We're just going to work with genotyping data for chromosome 21, which is the [smallest human chromosome](https://en.wikipedia.org/wiki/Chromosome_21). (We've chosen chr21 because it's relatively small -- this should make things a bit faster. Of course, this is a limitation that should not be followed in practice.)



## 1.1. Convert the chromosome 21 `vcf.gz` file to a simpler matrix format

Regardless of the dimensionality reduction method we'll use, the input is ultimately the same -- a matrix of SNPs and samples.

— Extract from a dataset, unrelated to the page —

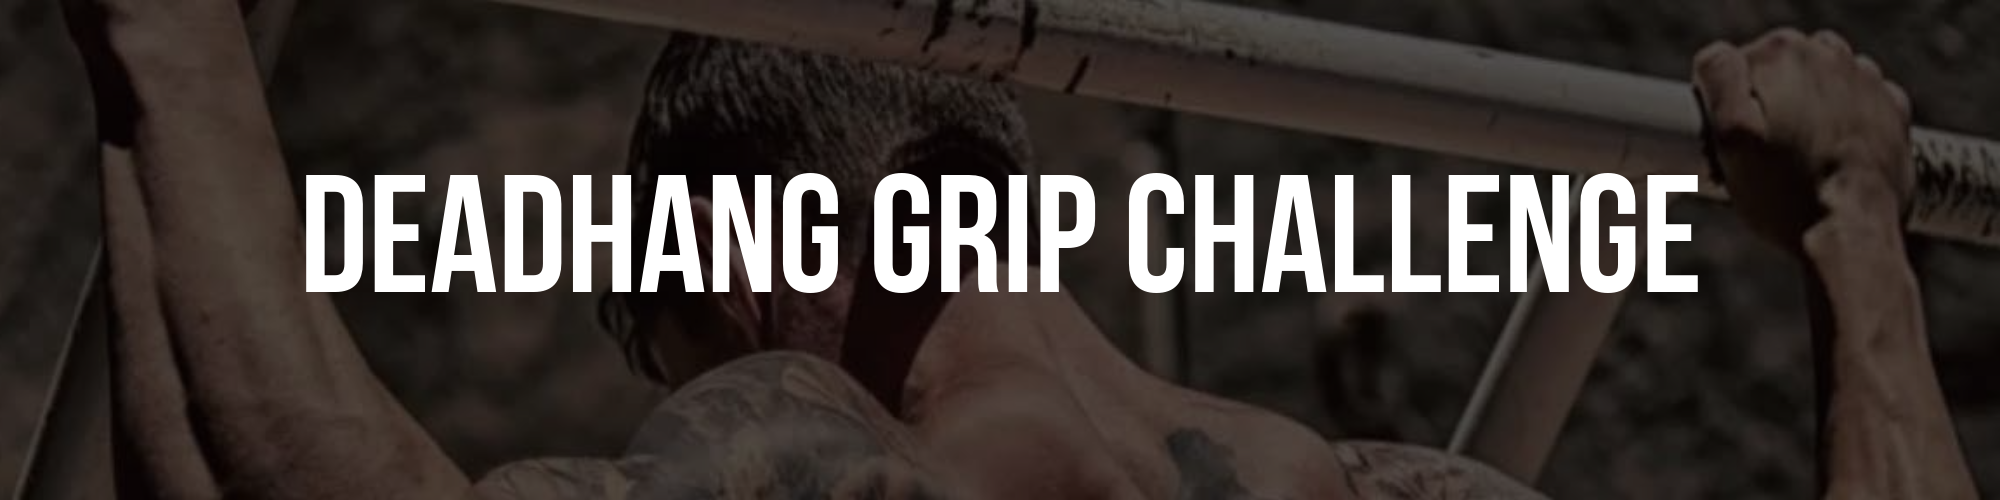 26th Nov - Deadhang Grip Challenge

Here, we use a shell command **that was adapted from PSET 2 part 1** for converting a `vcf.gz` file to a tab-delimited matrix format. This command is contained in [`vcf2tab.sh`](https://github.com/fedarko/plink-182/blob/master/vcf2tab.sh). It's a moderately complex command that does a few things besides just converting this data, so we explain certain parts of it here for the sake of clarity:

### `bcftools query` options

* `-e'AF<0.01' -e'AF>0.99'`

  * These `bcftools query` options filter out SNPs with listed allele frequencies of less than 1% or greater than 99% (in either case, where the minor allele frequency is < 1%).
  
* `-e'MULTI_ALLELIC=1'`

  * This option explicitly filters out multiallelic SNPs (`MULTI_ALLELIC` is a flag, and the `=1` check is [how bcftools expects expressions to test for flags being true](http://samtools.github.io/bcftools/bcftools.html#expressions)). We do this here rather than later on because **judging SNPs as multiallelic based only on if any samples have genotypes containing `2` or `3` will silently fail to recognize multiallelic SNPs where all of the samples present only have alleles classified as `0` or `1`.**

  * This is demonstrably the case for PSET 2's data: **TODO substantiate claim beyond md5sums being different, like write a python script to go through the vcf and find all lines where the SNP is tagged as `MULTI_ALLELIC` but none of the samples' genotypes at that SNP contain `2` or `3`.**
  
  * These sorts of corner cases are probably pretty rare, especially for datasets with lots of samples (where the odds of at least one sample having a `2` or `3` in its genotype become more and more likely). However, these corner cases do introduce some bias nonetheless, so accounting for them helps ensure that our downstream analyses use the highest-quality data we can provide.
  
* `-f "[\t%GT\t]\n"`

  * This option makes `bcftools query` output samples' genotypes for each SNP, where the genotypes are begun and followed by tabs and the SNPs are separated by newlines. (Each genotype is represented as something like `[tab]0|1[tab]`; see the "Extracting per-sample tags" section [here](https://samtools.github.io/bcftools/howtos/query.html).)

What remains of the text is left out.